It is strange to think it was 2 years ago that I noticed such symptoms. It feels strange to think now that I am in some sort of remission. That I am stable. Remission for MG is not the same as Cancer. It does not mean that they have found no signs of it and that everything is “okay”, it merely means that you are stable. However, one of the first questions they ask you once you are formally diagnosed with MG is do you think that you ever showed signs of MG any time before this point?
When they asked me that 2 years ago I was like NO! Of course not! But I was also overwhelmed by the diagnoses and the sheer amount of information that was being pumped into my brain in a short amount of time of things that I should start thinking about doing. It was not that I did not take any of it seriously, it was just that I did not understand how serious this disorder was at the time because the symptoms had not gotten nearly that bad yet. I had not even heard of it before that week and really had not had time to research it and there was limited information online. Moreover, everyone’s experiences are different so I was not sure how much I would experience and how severely.
However, when I think about how long it usually takes to diagnose someone with MG (1-2 years) I think about why that is. They have random episodes of weakness or symptoms that are inexplicable and then they seem to go away. I had that happen several times in the years leading up to my diagnosis but as a wellness professional I worked through them and trained my way around them thinking I was either over training or not developed enough to handle new regimens I had put myself into and and needed more specialized training. I had my hip flexors ‘die’ on me one year just before I got Pilates certified after getting cycle certified. I went to get Pilates certified and while in training I laughed it off but I went to do a double leg lift and my legs just sank like bricks were tied to them. I could not understand it I had done this move a million times in classes I taught before this point for abdominal/ core classes. I kept trying to to no avail. I tried a pilates double leg circle as well, nothing. I tried with one leg I was better but shaking uncontrollably like one of the newbies in the class. So I pretended I had never taught class a day in my life that day. That was the only way I could get through that class without feeling embarrassed. I would act like a newbie as if I was shocked at how much work it took to put into a core class and Pilates though I was use to taking and doing this all the time and suddenly I could not do 90% of it. Maybe it was the combination of teaching the new cycle classes, kickbox, bootcamp, and now trying to add this in???

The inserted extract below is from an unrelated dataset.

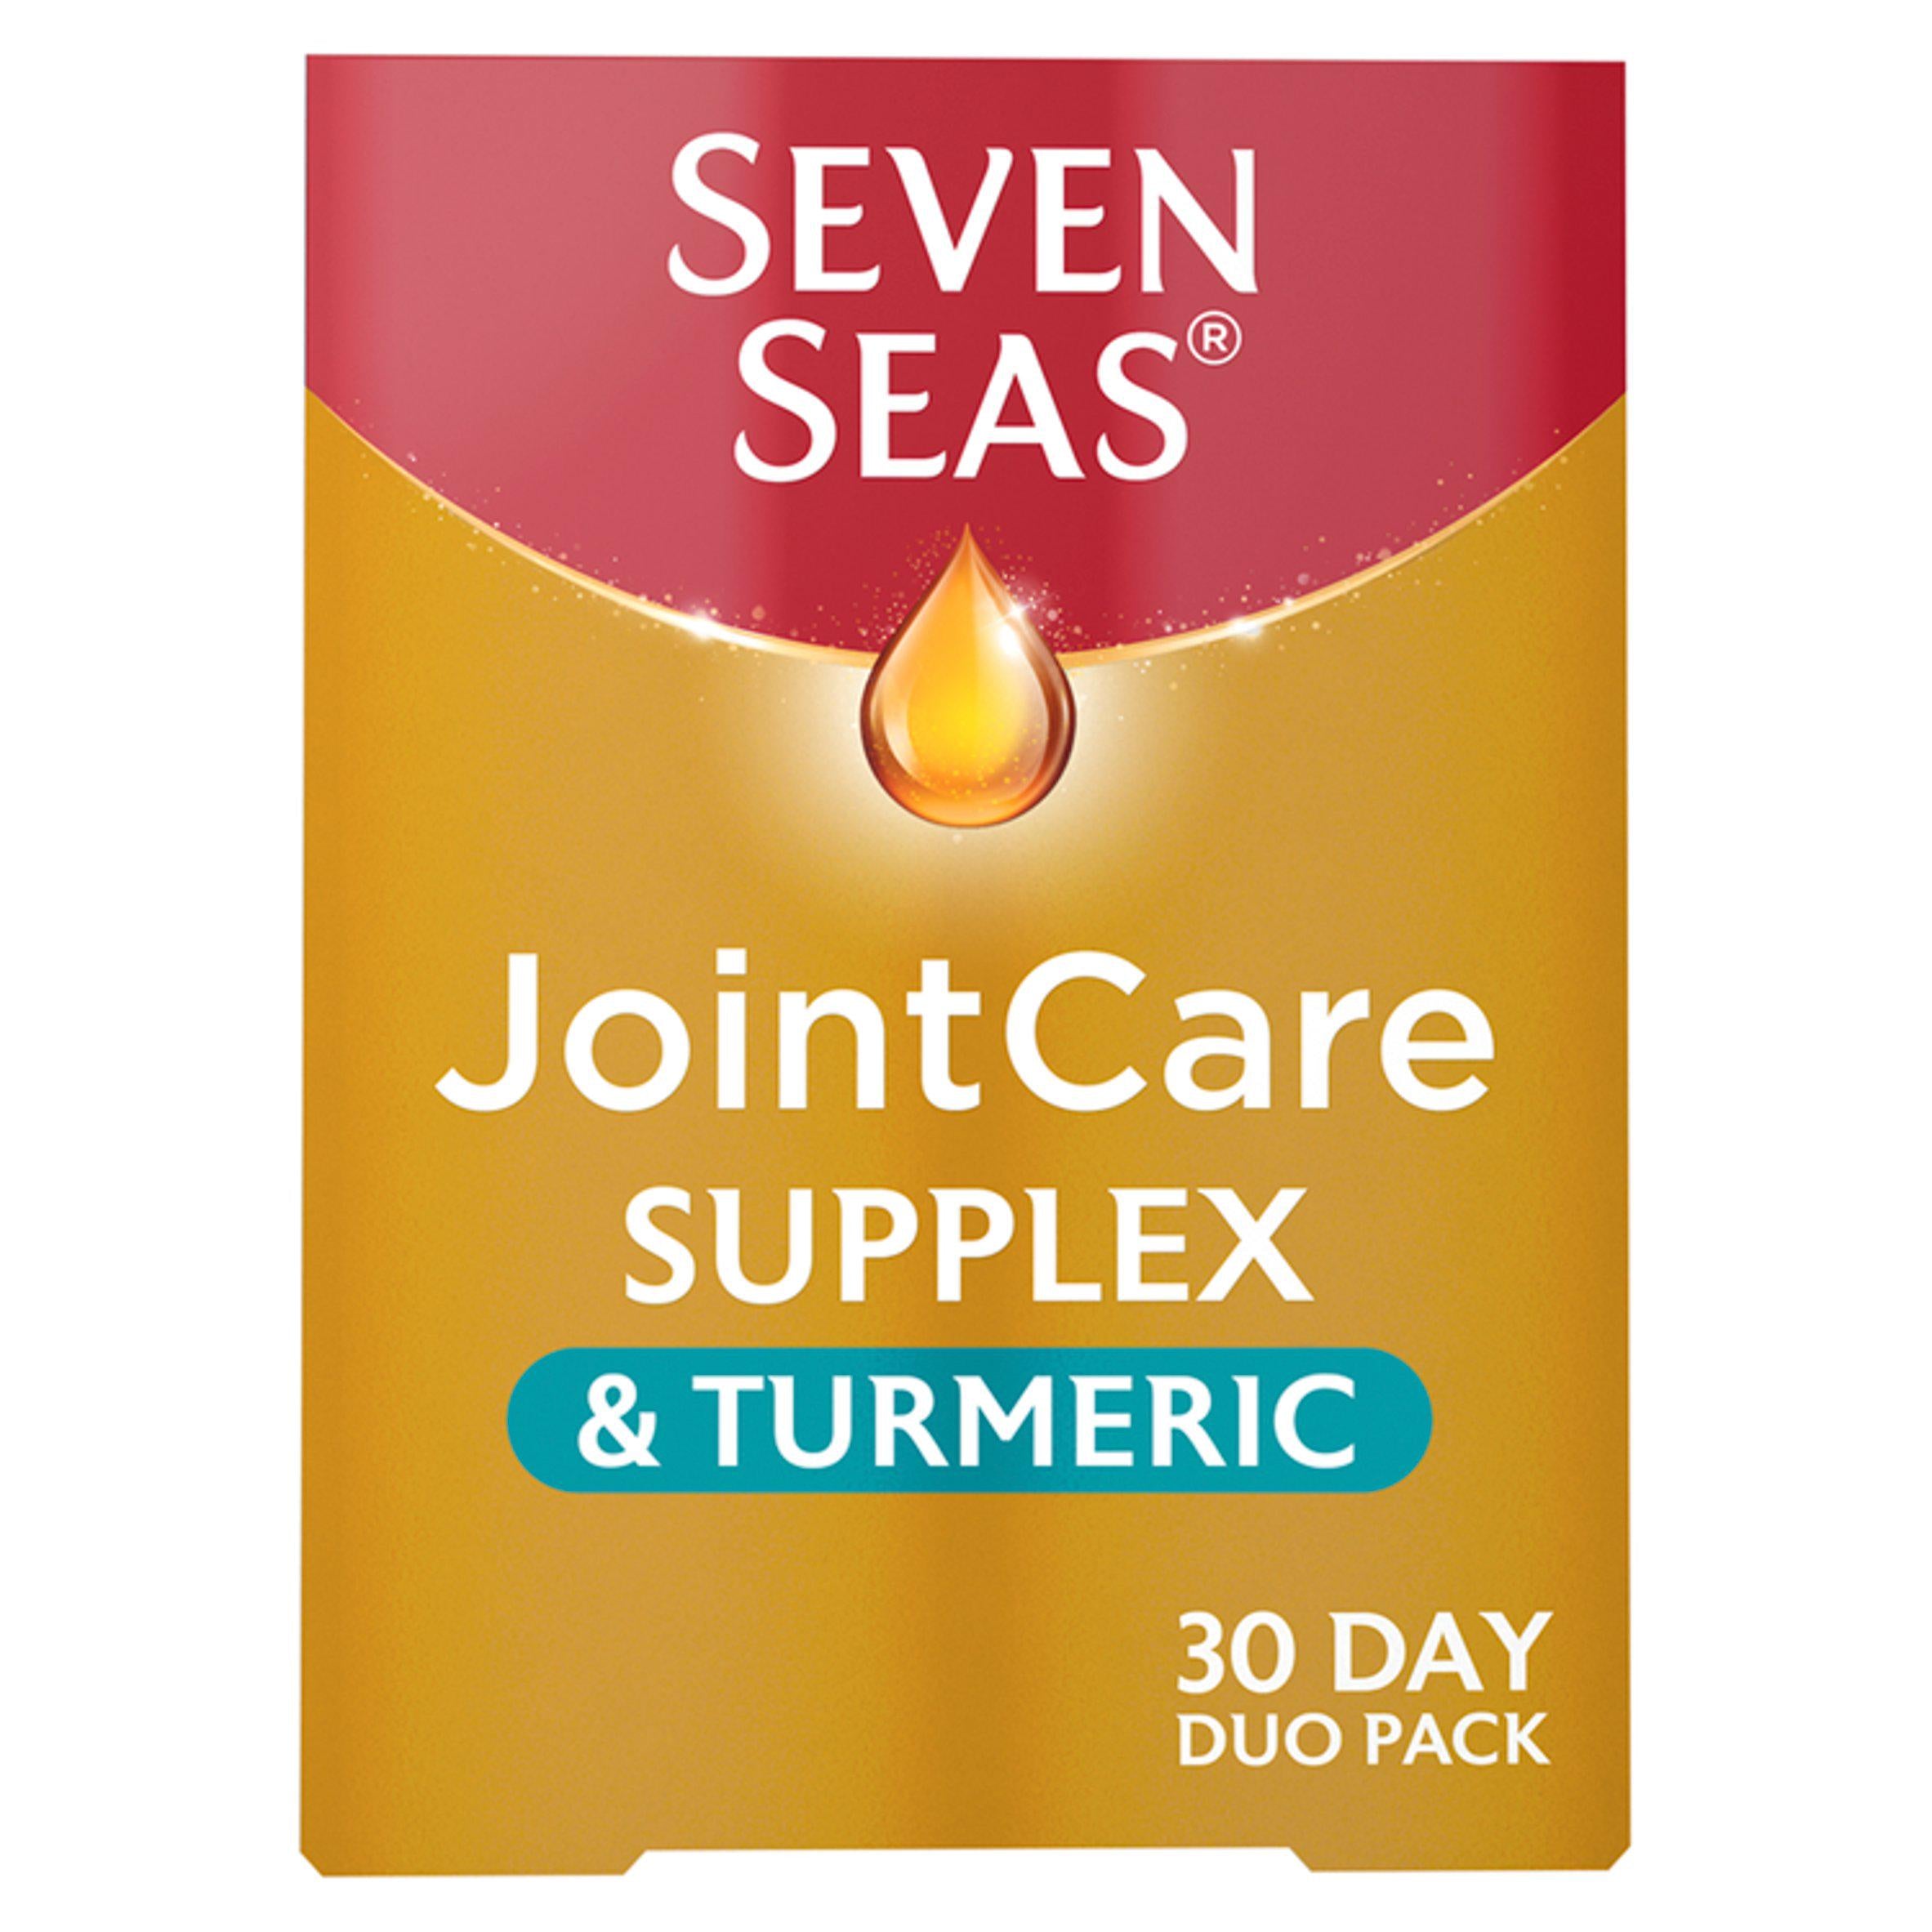 Seven Seas Jointcare Supplex & Turmeric with Glucosamine 30 Day Duo Pack GOODS Sainsburys

The overuse and repetition likely did me in. I assumed I was under-developed and needed to make adjustments and push through and my elite category 2 cyclist Boss taught me how to ‘cheat’ while teaching indoor cycle by opening my hip flexor up a bit more in raising my seat a notch or 2 and bringing my seat more aft (forward) until my hip flexor recovered as he was dealing with a similar issue (or so we thought at that time).
I also managed to have random ‘breathing attacks’ that my doctors never fully wanted to call asthma but bronchial issues over the years as well. I had one so bad with the onset of an argument with my mom that I had to go to the hospital and had lost my voice…Not from yelling or anything but from breathing or lack there of. I was also quite weak.
I am most glad that I was not diagnosed back then though because even now I get doctors who ask me what myasthenia gravis is. Even though it is becoming more prevalent and society is becoming more aware to be diagnosed even even 10 years ago with this in my area surely would have been a death sentence as the doctors have used me as their guinea pig for many things asking me if it was okay that I was the first for this or that. I always say yes because anything to help others have an easier time and get better research means more awareness and possibly a faster road to new medications and a cure.
I am hopeful and happy about what the future holds. I know better things await!